Уваров по привычке потрогал пальцами свое лицо, словно хотел убедиться: на месте ли то, что сгореть не успело, и продолжал:
— До сих пор не пойму, чего больше во мне тогда было — стыда или страха, нахлынувшего с ее появлением! Вдруг узнает меня! За штакет палисадника я ухватился. Стою. Из-под пилотки гляжу на нее неотрывно. И как плачу — не чувствую. Ромка-Зис мне цигарку в рот вставил и шепчет на ухо: «Что ты плачешь? Она нам и так по стакану нальет и без слез!»
А я перед взглядом ее беззащитен… Вот понимаю мозгами, что не узнает меня. Все понимаю, а стыдно! А который внутри у меня сидит, прежний Женька Уваров, хочет броситься к ней! Хочет обнять ее всю раскрасивую, до боли сердечной желанную! И с последними силами, как на пытках, старался себя удержать! Уродство ж мое куда денешь!..
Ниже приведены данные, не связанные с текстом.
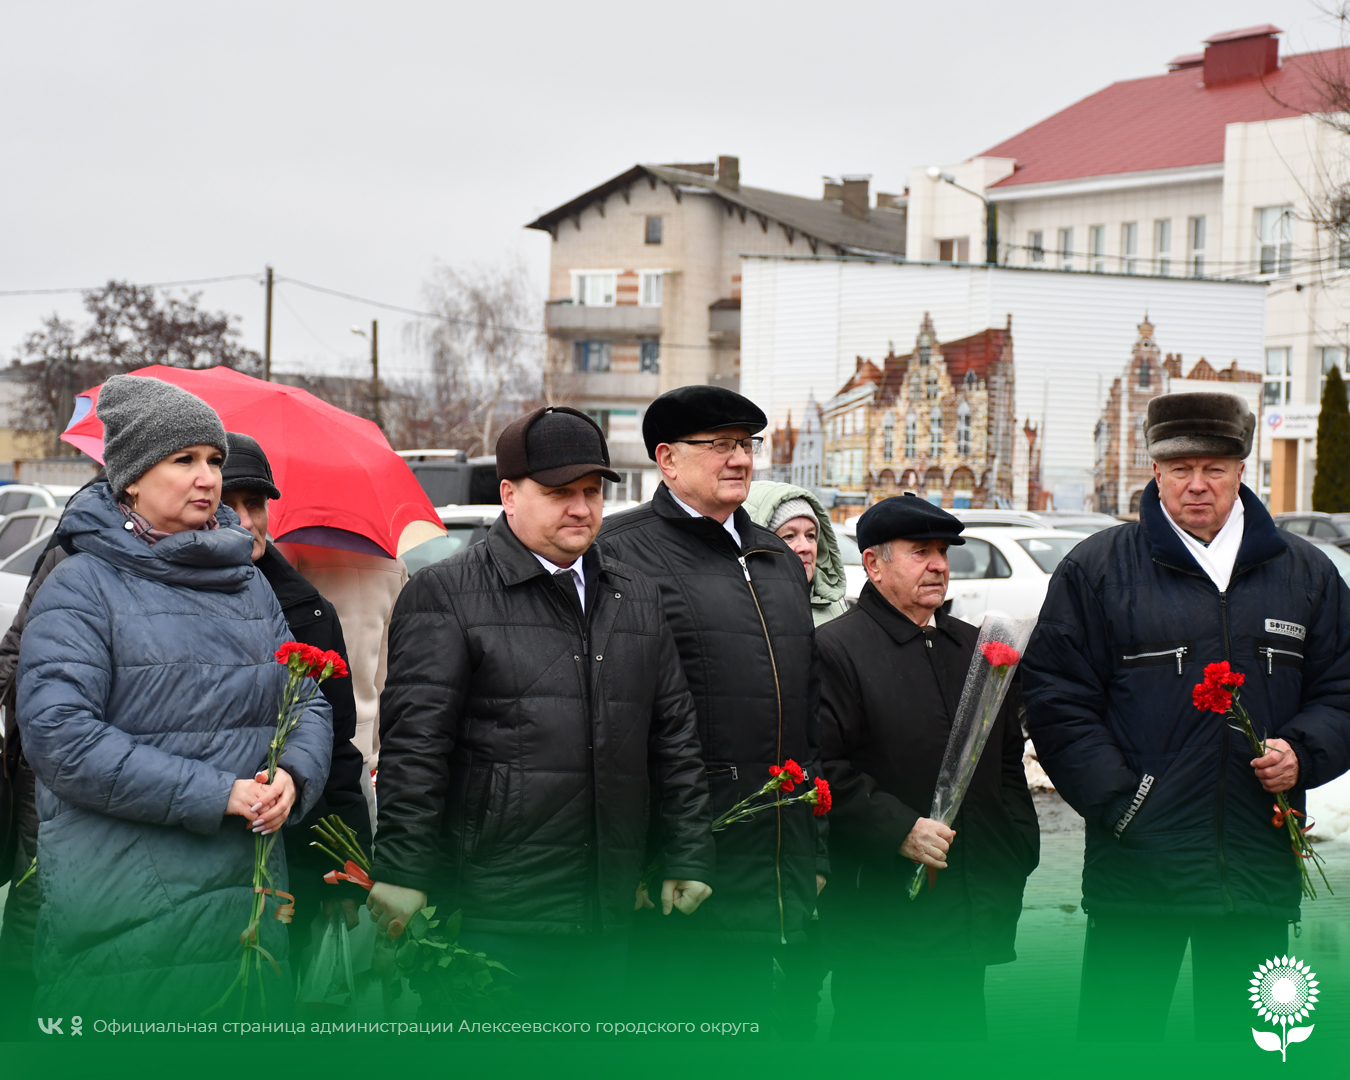 Сегодня отмечается памятная дата – 81-я годовщина освобождения Алексеевской земли от немецко-фашистских захватчиков.

Усмехнулся чему-то Уваров и головой покивал:
— Вот человек как устроен, Аленка. Над ним палачи надругались, искалечили, как хотели. И в том, что он нынче калека, — вины его нет. А он, уродством раздавленный, в муках живет постоянных! И вину за собой ощущает, что извергам тем дал себя покалечить, когда уже не было сил защищаться. И казнится виной не своей… И на людях стыдится себя самого…
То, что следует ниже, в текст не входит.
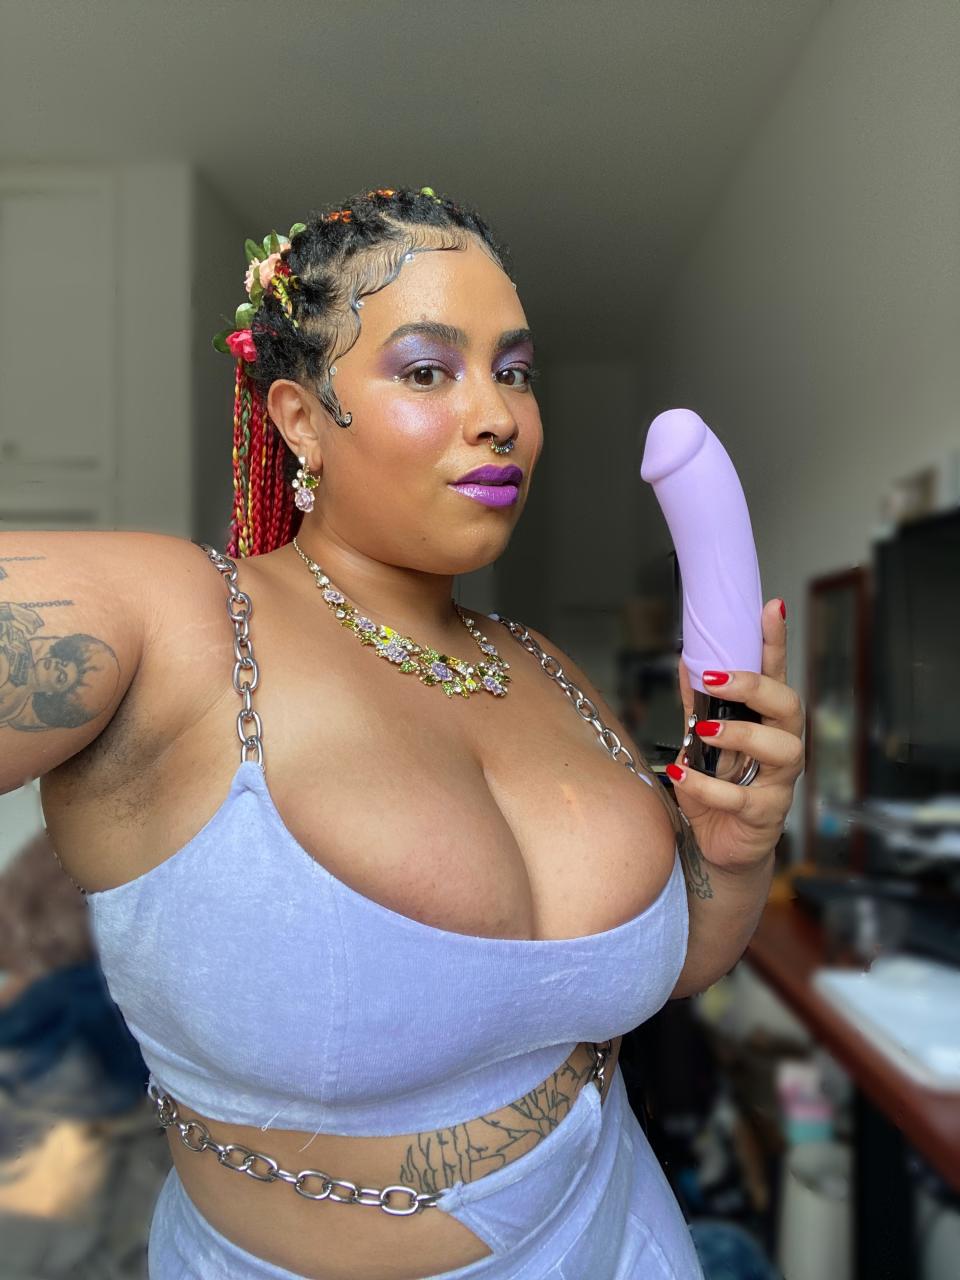 Woman holding pastel purple vibrating dildo

— Как говорит наша бабушка Настя, не терзайся. И зла не держи. Зло нам жизнь очерняет и болезни скликает… Расскажи-ка мне, Женечка, как она тебя приняла?
— Как пьянчужку, наверно… Видит, что у забора топчусь и рук не могу оторвать от штакета, брата позвала:
— Сенечка, миленький! Вон тому поднеси, у забора, солдатику. За наше счастье пусть выпьет… Господи, как же его так война покалечила! Он привет мне от Жени принес. Да, солдатик?
Ромка-Зис сказал «да» и похлопал меня по плечу.
— Сколько ж им подносить? — Сеня гудит в коридоре. — Твои нищие гады, наверно, по третьему кругу пошли. Ну-ка, я гляну, кто там…
И Сенечка вынес пузо свое на крылечко. Помордел. Голова с животом слилась, штаны на подтяжках. Щеки как у бульдога и, наверно, видны со спины. Вот такой теперь Сенечка-братик, которого мы защищали со Степой.
— Этот? — Сенька глядит на меня, и сытая харя его лошадиною мордой становится. — Этого я не видал. Его б до завтрева оставить, чтобы заместо похмелюги показывать гостям. Глянешь — и враз отрезвеешь, прости меня, Господи!